Member of the Idaho House of Representatives from the District 3, seat B district
- In office December 1994 – December 2000
- Succeeded by: Kris Ellis

Personal details
- Born: February 5, 1955 Modesto, California
- Died: June 4, 2016 (aged 61) Hayden, Idaho
- Party: Republican
- Spouse(s): Margaret Alltus, Janice Alltus
- Children: 4
- Relatives: Ryan Alltus (son)
- Education: California State University, Stanislaus
- Occupation: Insurance agent, politician

= Jeff Alltus =

American politician from Idaho

Jeff Alltus is a former American politician from Idaho. Alltus is a former Republican member of Idaho House of Representatives.

== Early life ==
On February 5, 1955, Alltus was born in Modesto, California. Alltus' parents were Vernon and Faith (née Frederick) Alltus. In 1973, Alltus graduated from Thomas Downey High School in Modesto, California.

== Education ==
In 1980, Alltus earned a Bachelor of Arts degree in Psychology from California State University, Stanislaus.

== Career ==
In 1979, Alltus became an insurance agent with Jeff Alltus Insurance Services.

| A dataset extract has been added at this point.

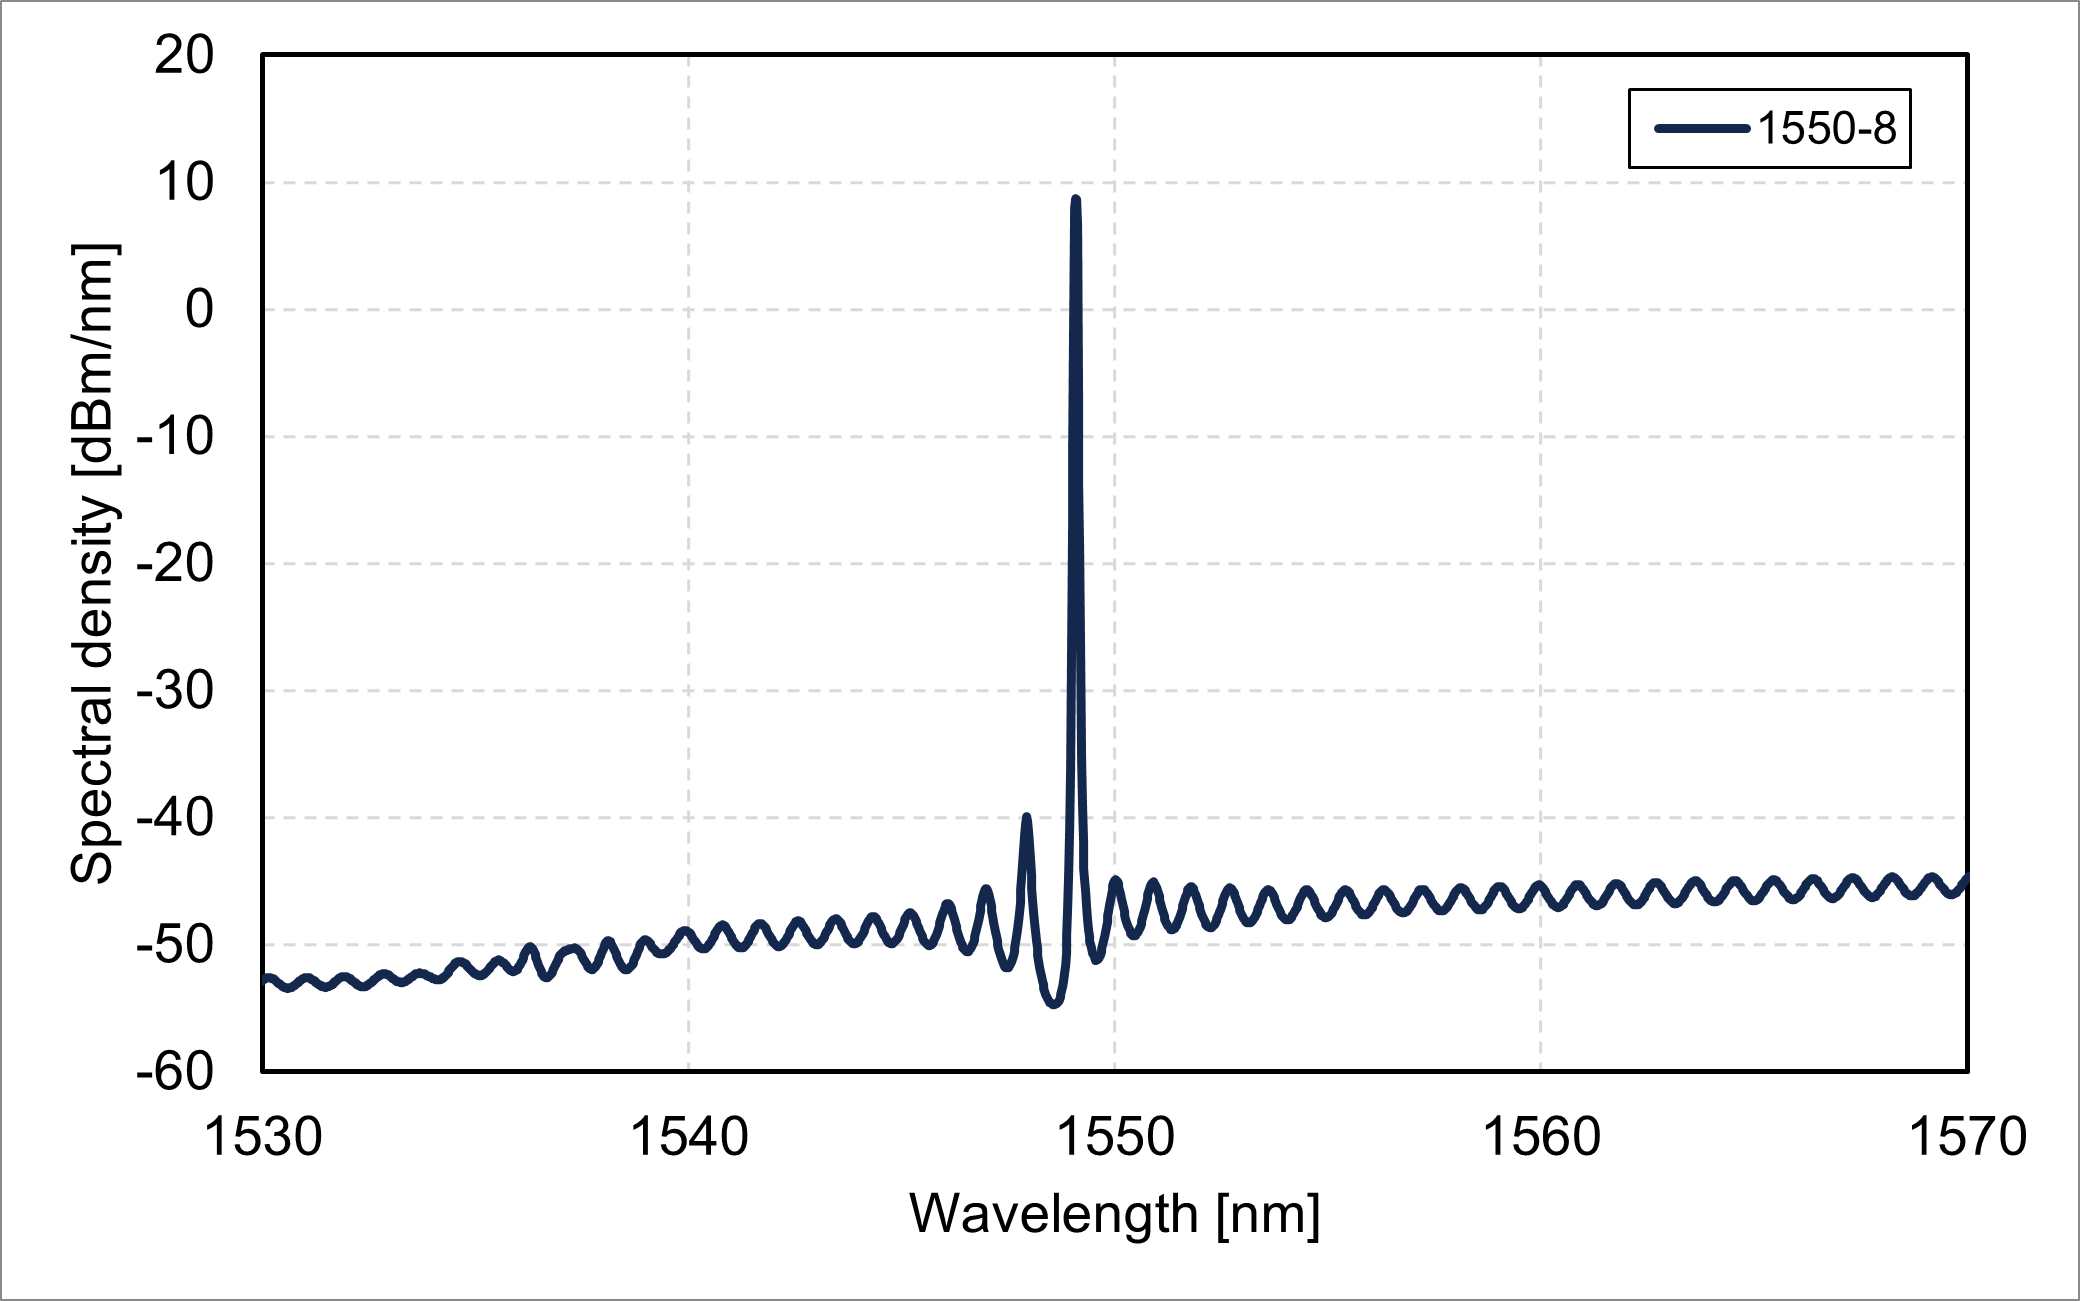 Spectral density vs. wavelength (1550-8)

On November 8, 1994, Alltus won the election and became a Republican member of Idaho House of Representatives for District 3, seat B. Alltus defeated Al Sharon with 65.1% of the votes. On November 5, 1996, as an incumbent, Alltus won the election and continued serving District 3, seat B. Alltus defeated Alan Wasserman with 59.0% of the votes. On November 3, 1998, as an incumbent, Alltus won the election and continued serving District 3, seat B. Alltus defeated Larry Belmont with 59.1% of the votes.

== Personal life ==
In 1982, Alltus moved to Hayden, Idaho. Alltus' wife was Margaret. They have two children, Lindsey Alltus and Ryan Alltus.

In 2000, Alltus married Janice (Higgins) Carpenter, who became his second wife. Alltus had two children from his first wife and two step-children. Alltus and his family live in Hayden, Idaho.

Alltus' son Ryan Alltus is known for archery marksman and an elk hunter.

On June 4, 2016, Alltus died from cancer in Hayden, Idaho, U.S.